** Data excerpt follows **

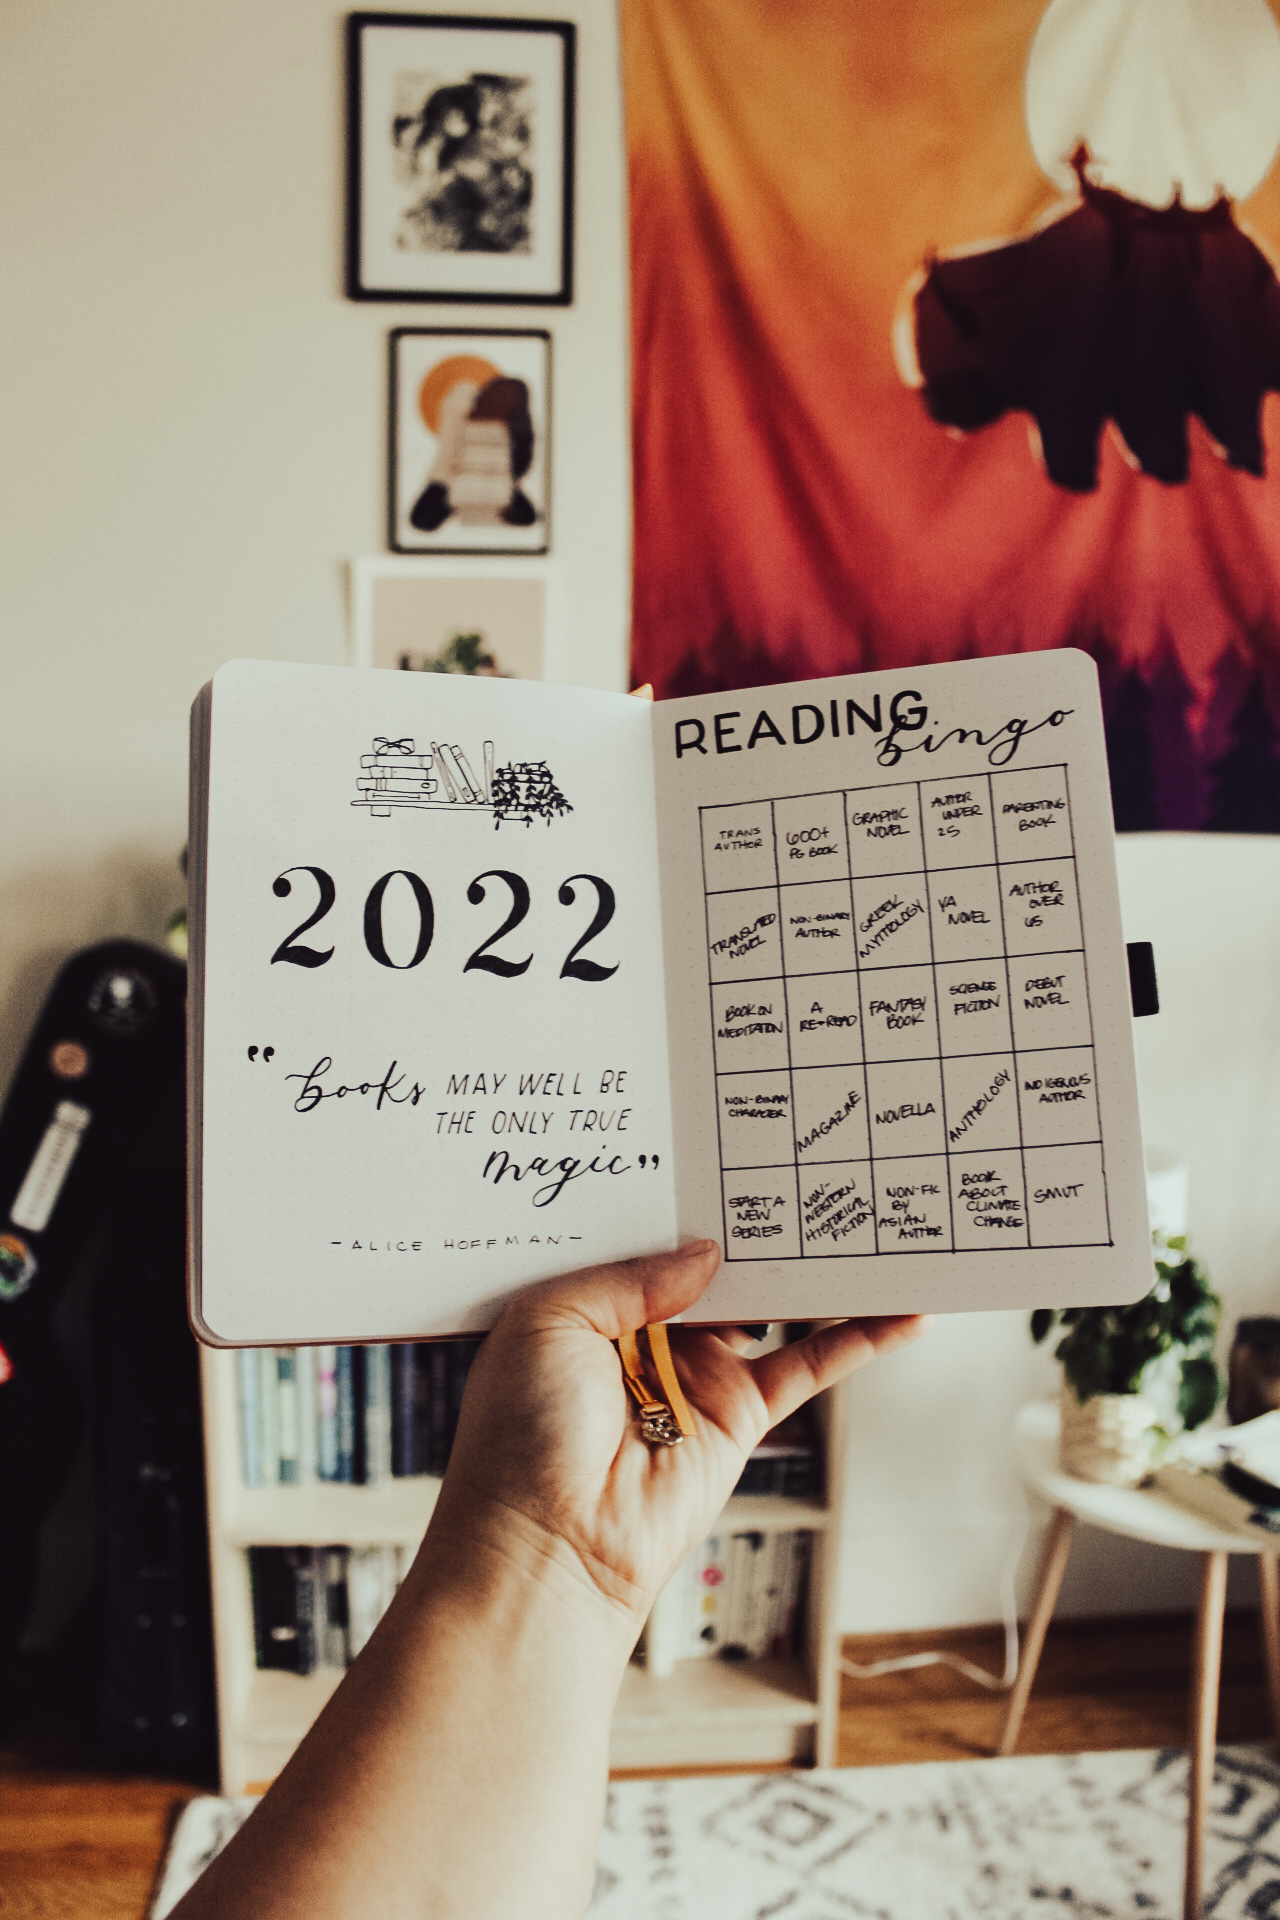 BOOKISH BULLET JOURNAL: SET UP & SPREADS
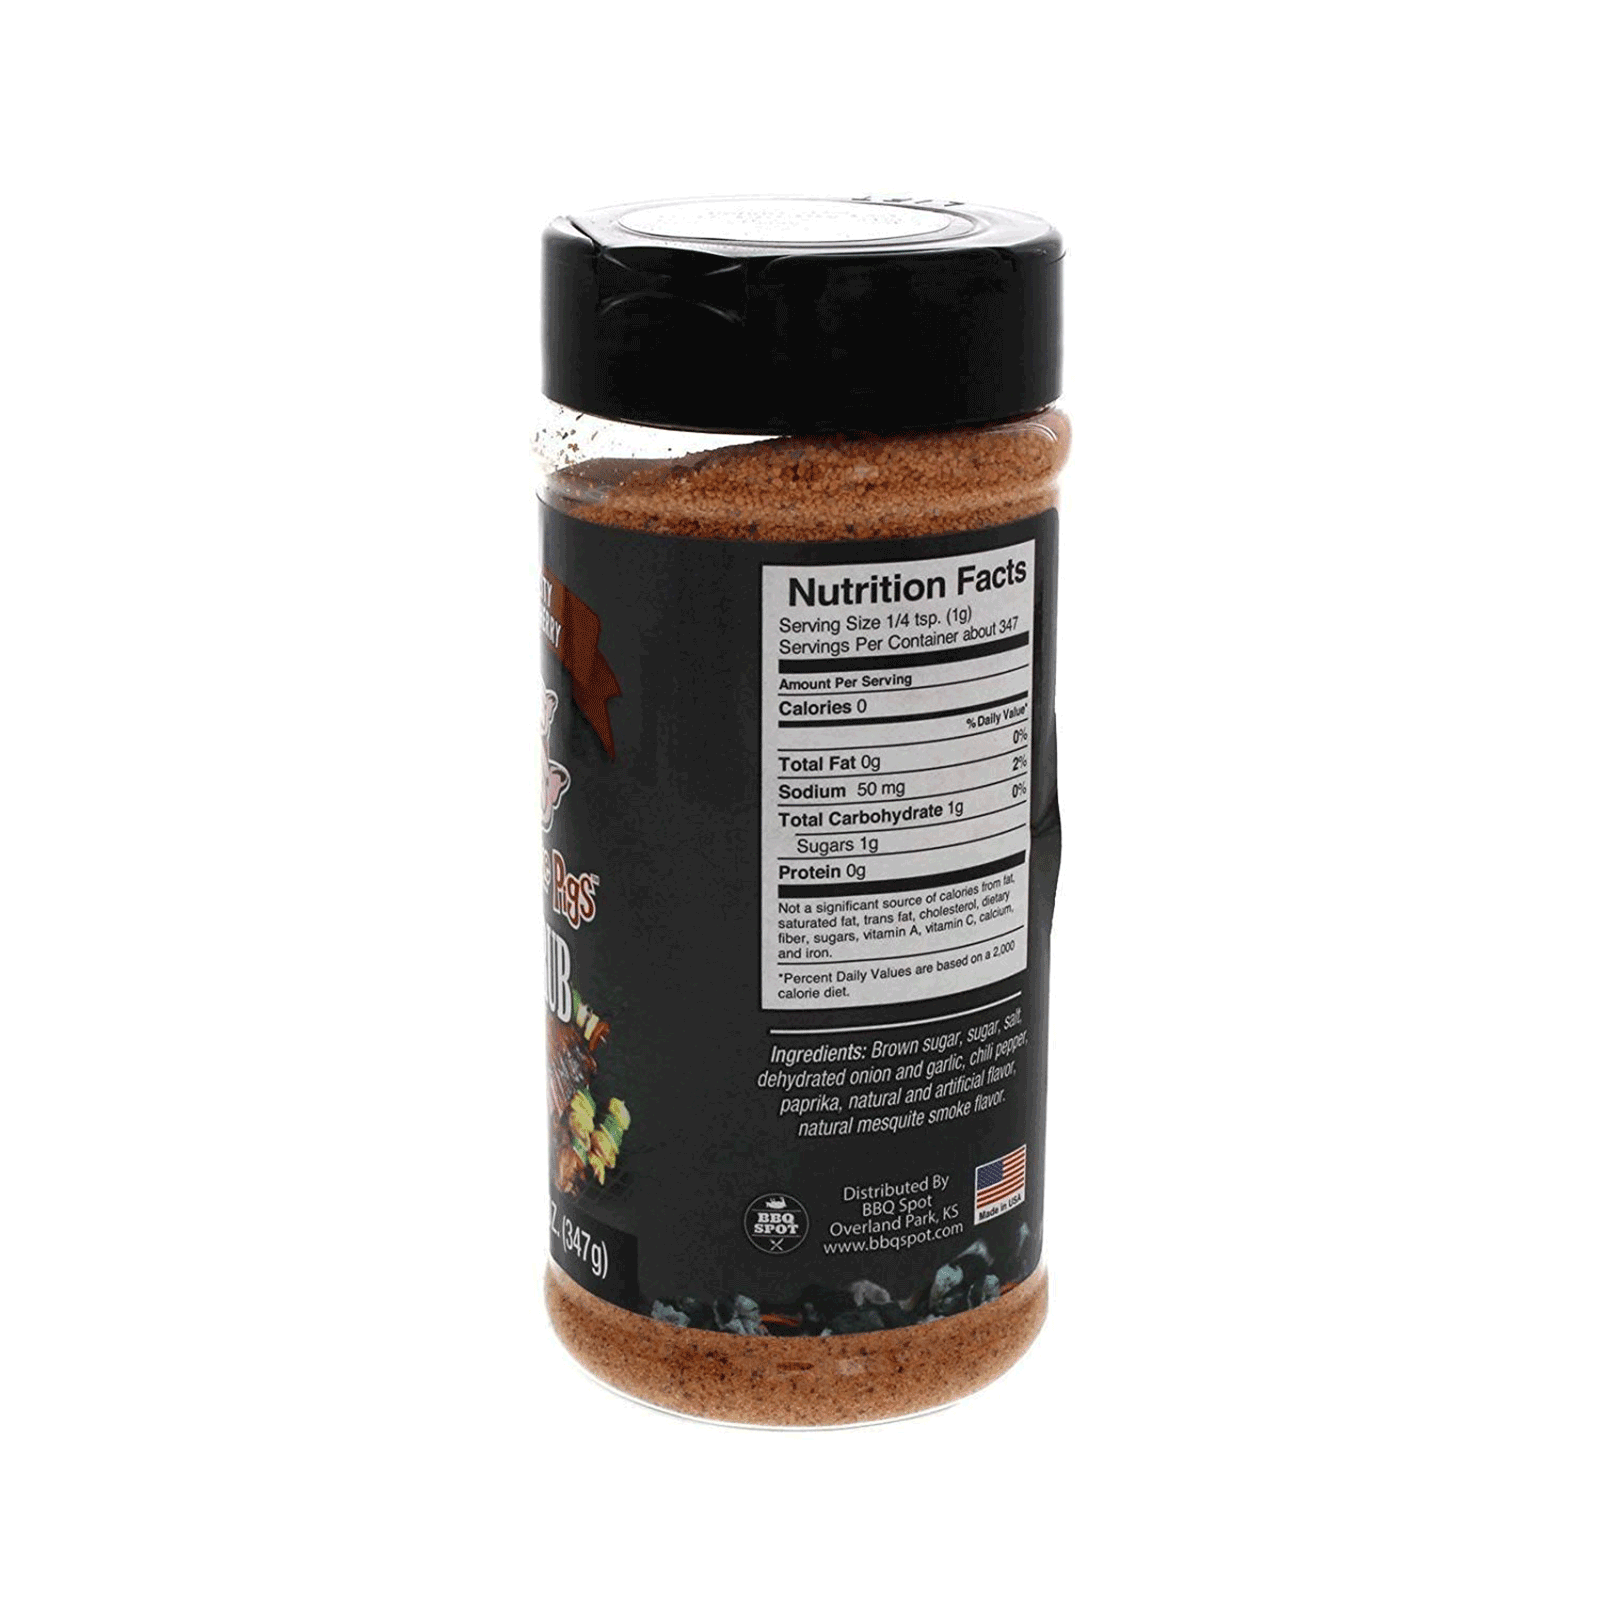 'Three Little Pigs' Touch of Cherry BBQ Rub  12.25oz Shaker Jar - Made in USA - OW85131
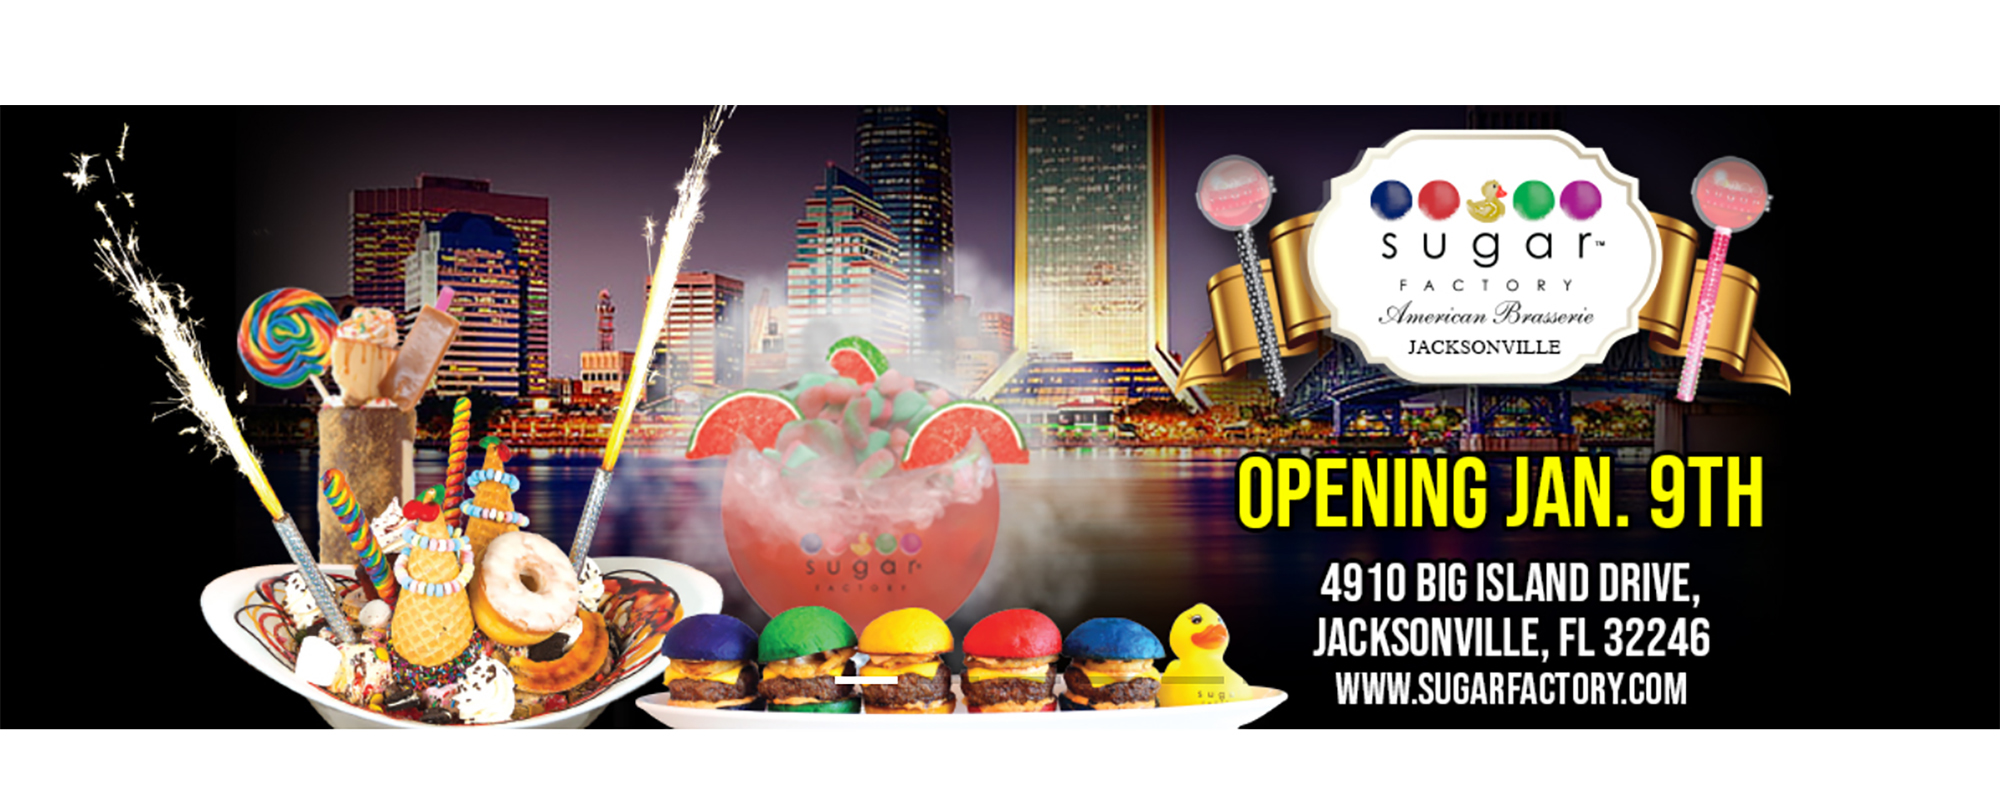 Sugar Factory is announcing the Jacksonville opening date on its website.
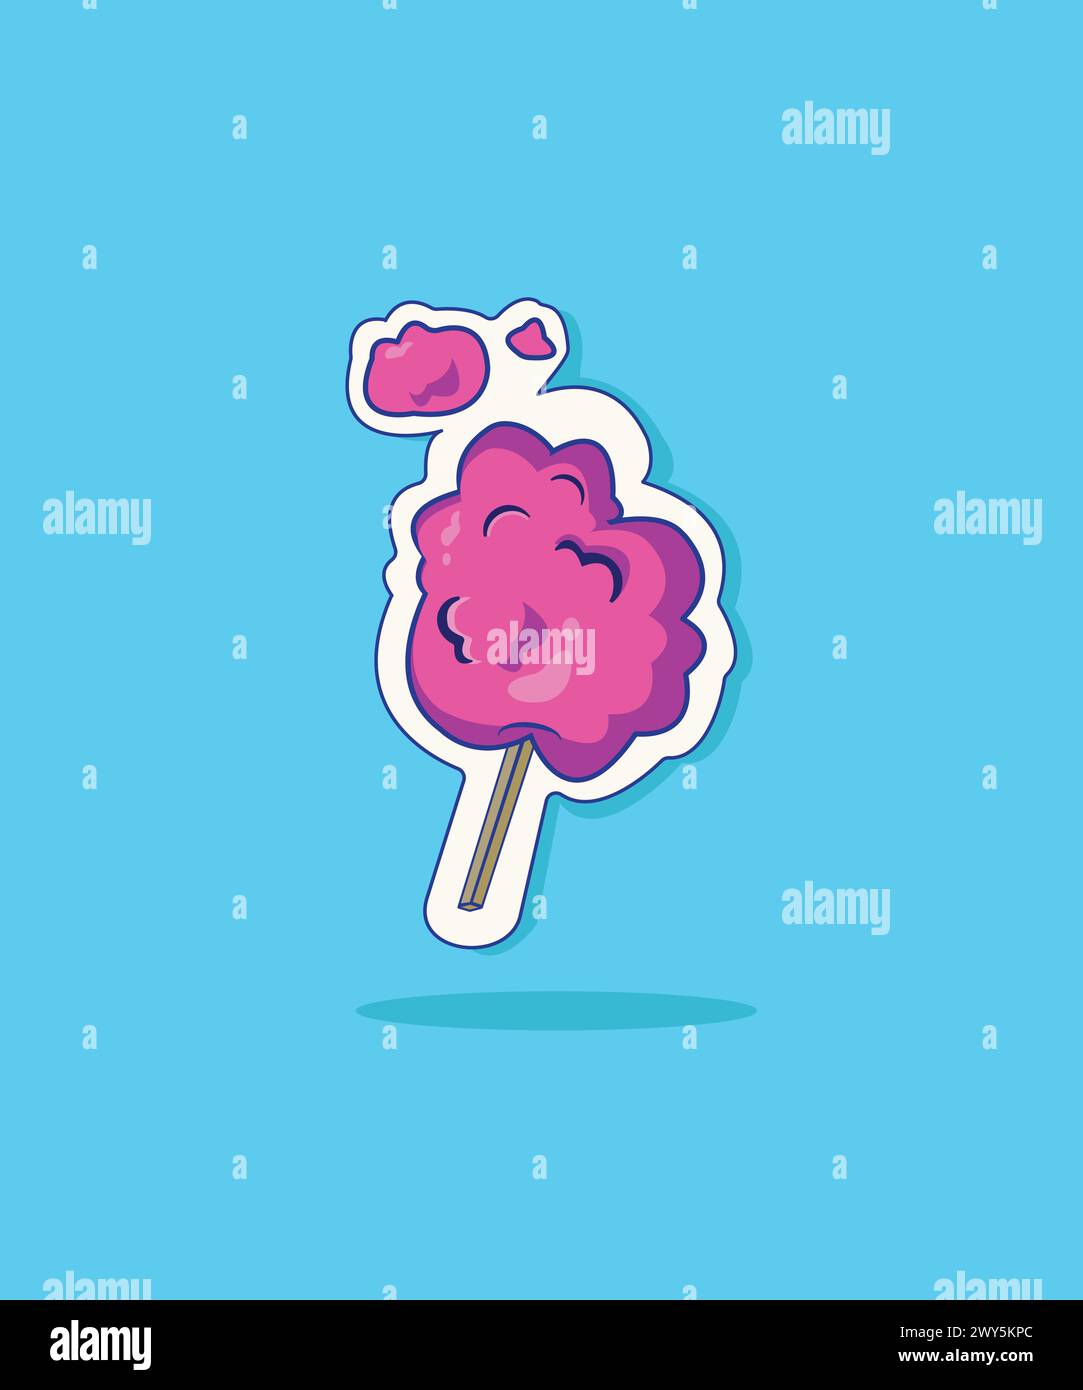 Pink Sweet Cotton Candy Vector Illustration Isolated Design with Flat Cartoon Style Stock Vector

** End of Data excerpt **

_How to complete this task_
The answer should match the material exactly, with every picture removed.

_Solution to the problem_
 BOOKISH BULLET JOURNAL: SET UP & SPREADS
 'Three Little Pigs' Touch of Cherry BBQ Rub  12.25oz Shaker Jar - Made in USA - OW85131
 Sugar Factory is announcing the Jacksonville opening date on its website.
 Pink Sweet Cotton Candy Vector Illustration Isolated Design with Flat Cartoon Style Stock Vector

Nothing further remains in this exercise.